Here are some tips on what to do when you go for your first lesson with your student.
• Have a Chat with the Parents
Take some time to talk with the parents. Find out from them what they want you to do for their child. Let them tell where they feel their child is having problemsin school. Find out what their expectations are. How soon they want to start seeing progress? How many lessons do they want you to have with their child in a week? How long do they want each lesson to be?
Let the parents know how competent you are, but don’t make any promises till you have assessed the child by yourself.
•Spend some Time with the Child Chatting about Anything other than his Studies
This is a get-to-know-you session. Spend about 15 minutes. Find out the child’s hobbies, likes and dislikes. Get acquainted with the child, and get him/her to be comfortable with you.
You can trade stories with the child, telling him/her something about yourself with everything they tell you about themselves.
Try not to discuss their school classes with them. This is simply a chat to get you familiar with each other.
•Find Out which Chapters the School Teacher has Taught
Now that you have gotten to know the child, it is time to know the student. Ask them questions about school. What and what have their teachers taught them? Can they explain some chapters to you? Ask them questions about some of the subjects they have learnt.
This will give you an idea of how well they are doing in school. It will help you to pinpoint the areas where they are having problems. You will be in a better position to explain to their parents where their child needs help, what you will be focusing on, and how soon they can expect progress.
•Ask if there are difficulties in their present homework
Once you have established how much they know about past topics, gauge how well they are doing with present topics. What chapters are they dealing with now at school? What problems do they have with the new topics? Are they having any difficulties with their homework? If so, what are they?
This will form a basis for future lessons with them and give you an idea where to start coaching them.
•Conclude the session with the parents on your proposed plan
When you are done with your first meeting with your student, it is time to return to the parents. Your meeting with the students has given you an idea of what needs to be done. You have roughly identified where they have difficulties and what they are fluent in. now you have more information to give the parents about your tuition lesson plans.
Tell the parents what you propose to do to get their child up to speed. Tell them where the student has problems with his/her homework. Explain to them what subjects you feel they need more help with. Outline a brief guide of your plans to tutor the student till they get a better understanding of the subjects.
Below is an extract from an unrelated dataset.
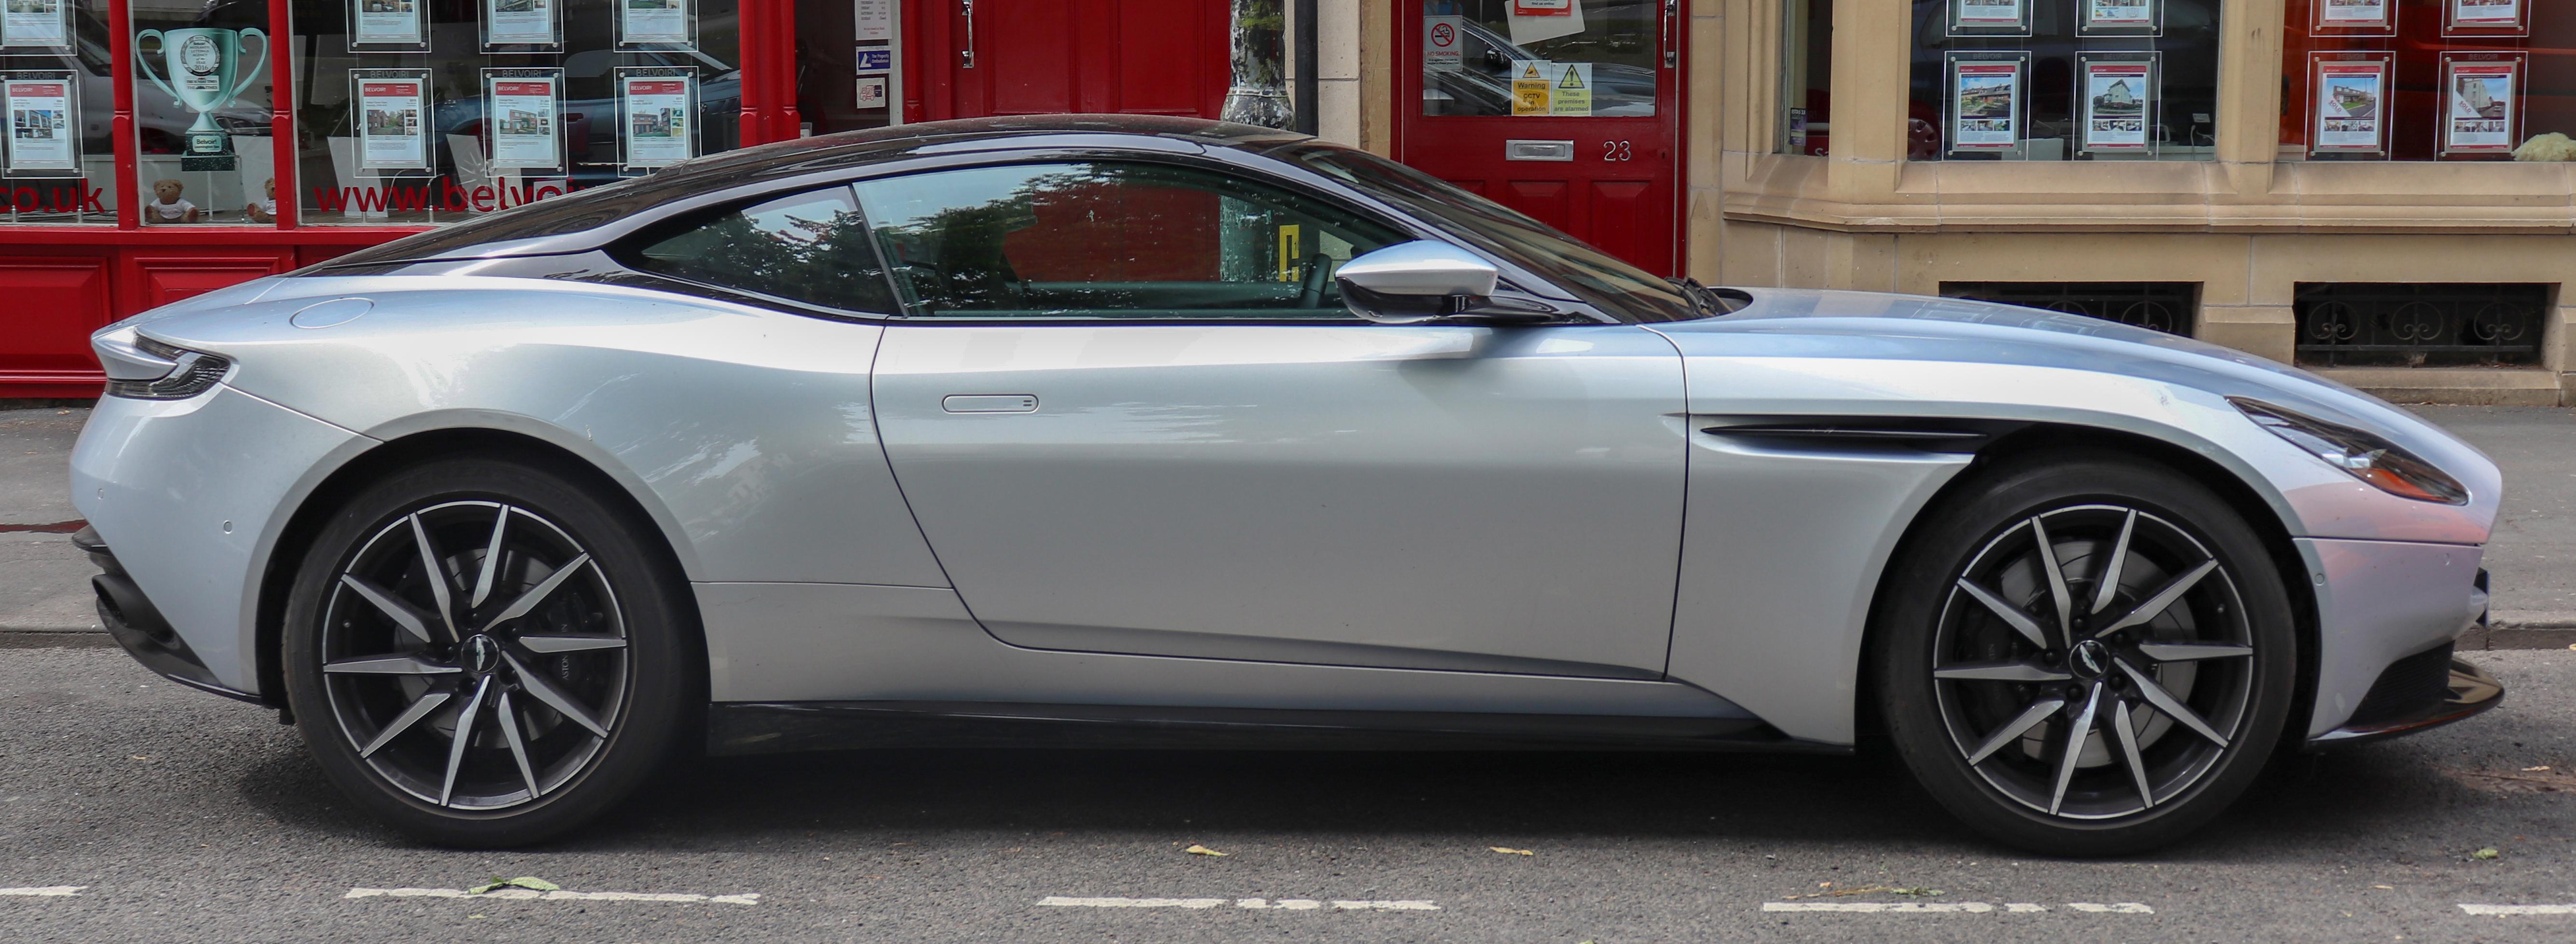 File 2018 Aston Martin Db11 V8 Automatic 4 0 Side Jpg Wikimedia Commons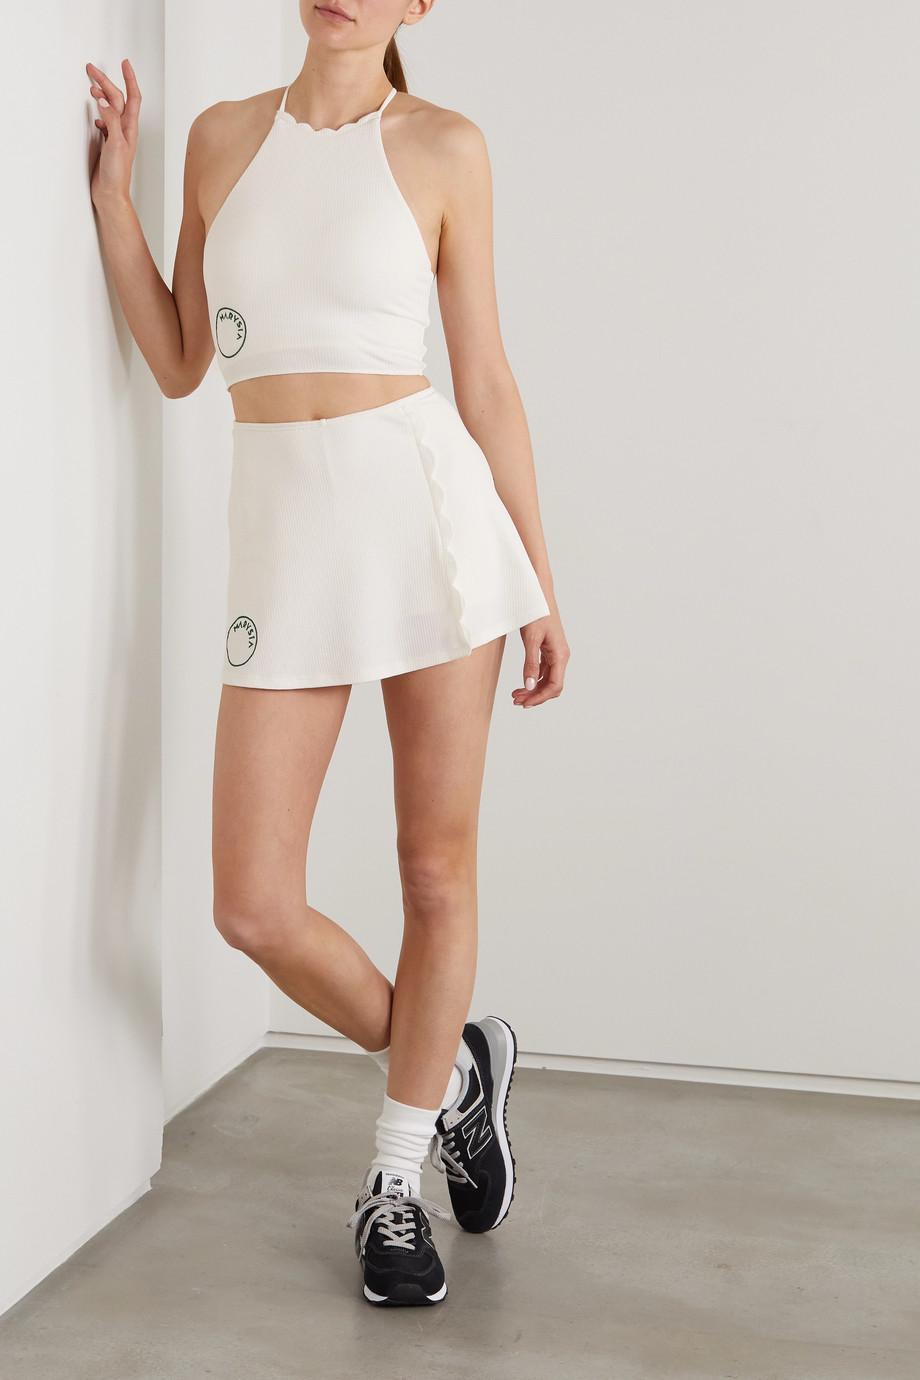 Marysia + NET SUSTAIN Steffi scalloped stretch recycled-seersucker sports bra

Tell the parents what your focus chapters will be, and what topics you will be emphasizing on. Also, tell the parents what kind of learner their child is. Every child learns differently.
It is the tutor’s responsibility to determine what type of learner the student is and teach them accordingly. Explaining what type of learner their child is will also make them understand that progress may not be visible as soon as they might expect.
There you have it, your first meeting with your new student. You may be nervous, but be confident in yourself and your skills. Dress appropriately and be punctual. Have some mints with you to ward off bad breath. These things will boost your confidence significantly. When you meet the child, get to know them personally before questioning them about school.
Children are more open to you when they are comfortable with you. Assessing the child’s progress in school gives you more insight on what you need to do. With this, you can outline your tuition plan to the parents and begin tutoring.